* **Activity**: Your task is to return, word for word, only the lines from the line with "Home gym in" through the close of the data. Exclude all pictures.

* **Given information**:
%%

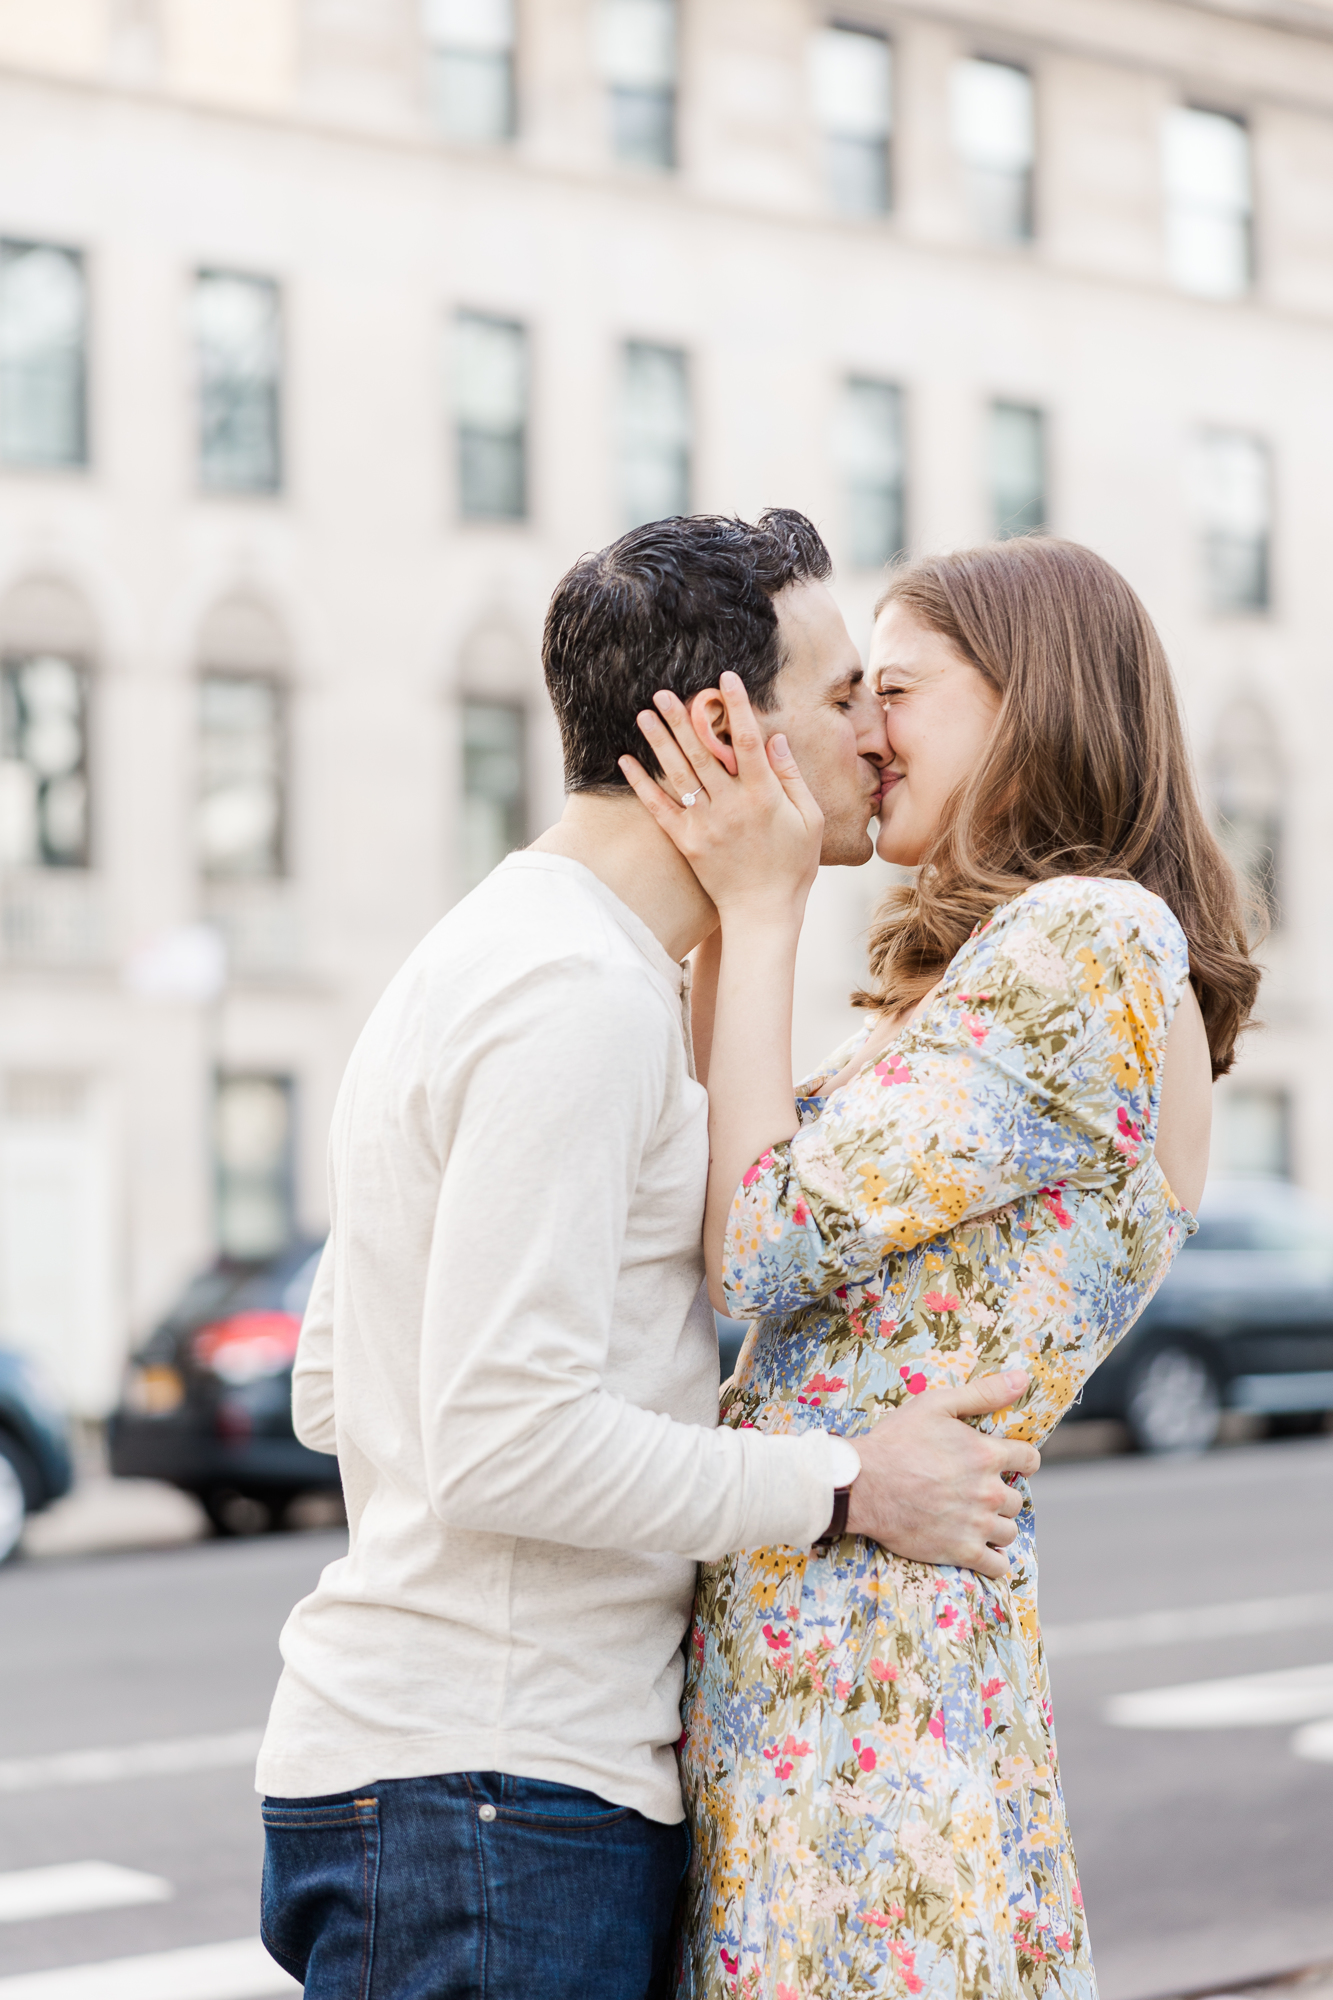 Bright Upper East Side Engagement Photo Shoot
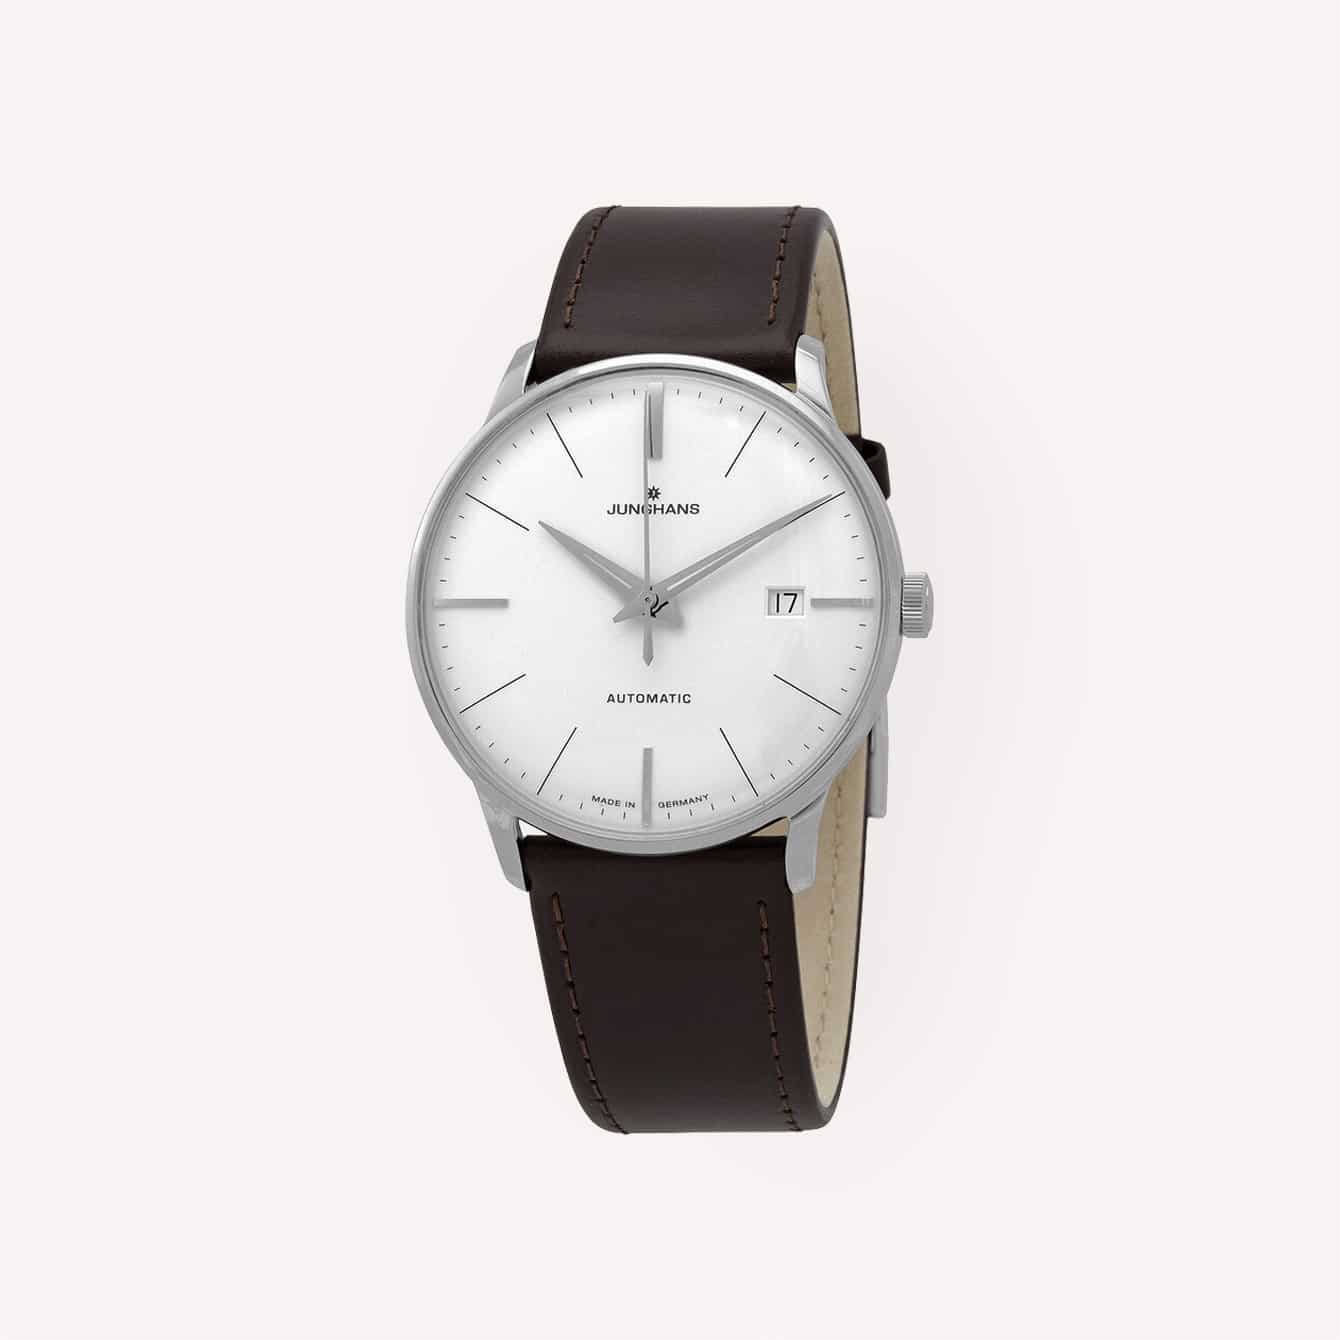 Top 15 Best Minimalist Watches to Buy [2023] - The Modest Man
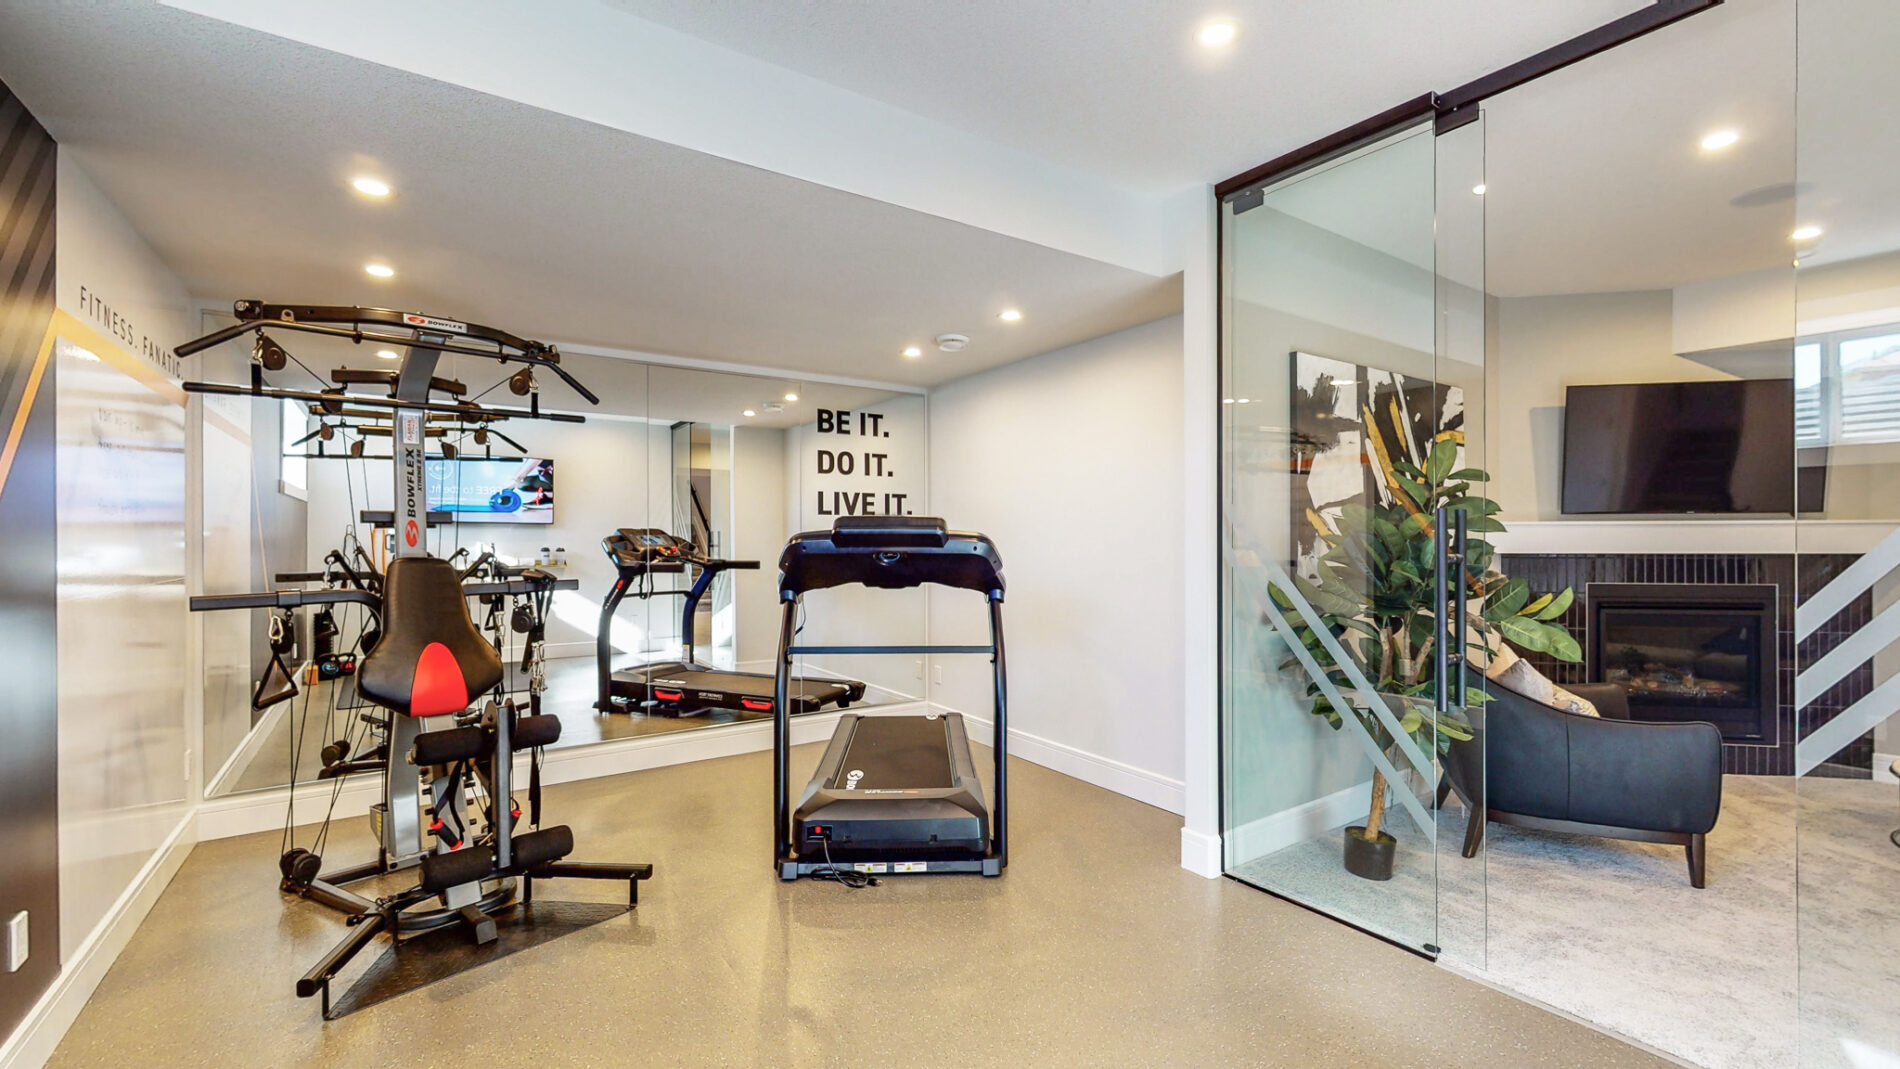 Home gym in the Kail showhome with glass wall separating the gym from the family room, light rubber flooring, floor to ceiling mirror on one wall and gym equipment centered in the room
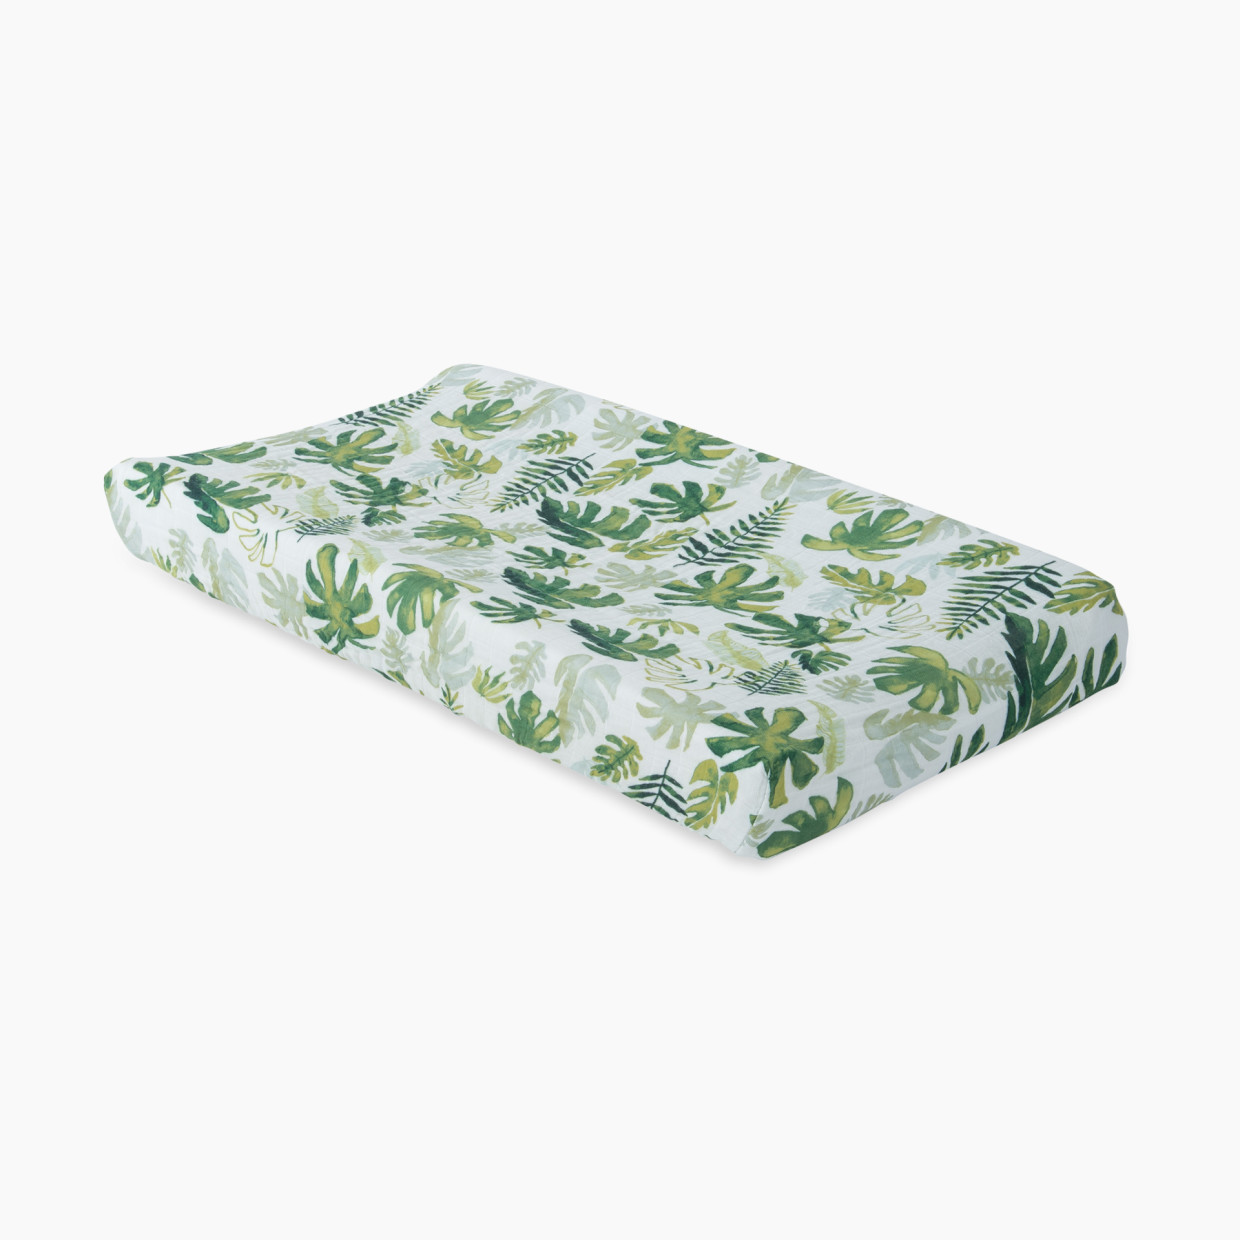 Little Unicorn Cotton Muslin Changing Pad Cover - Tropical Leaf.

%%

* **Solution to the exercise**:
 Home gym in the Kail showhome with glass wall separating the gym from the family room, light rubber flooring, floor to ceiling mirror on one wall and gym equipment centered in the room
 Little Unicorn Cotton Muslin Changing Pad Cover - Tropical Leaf.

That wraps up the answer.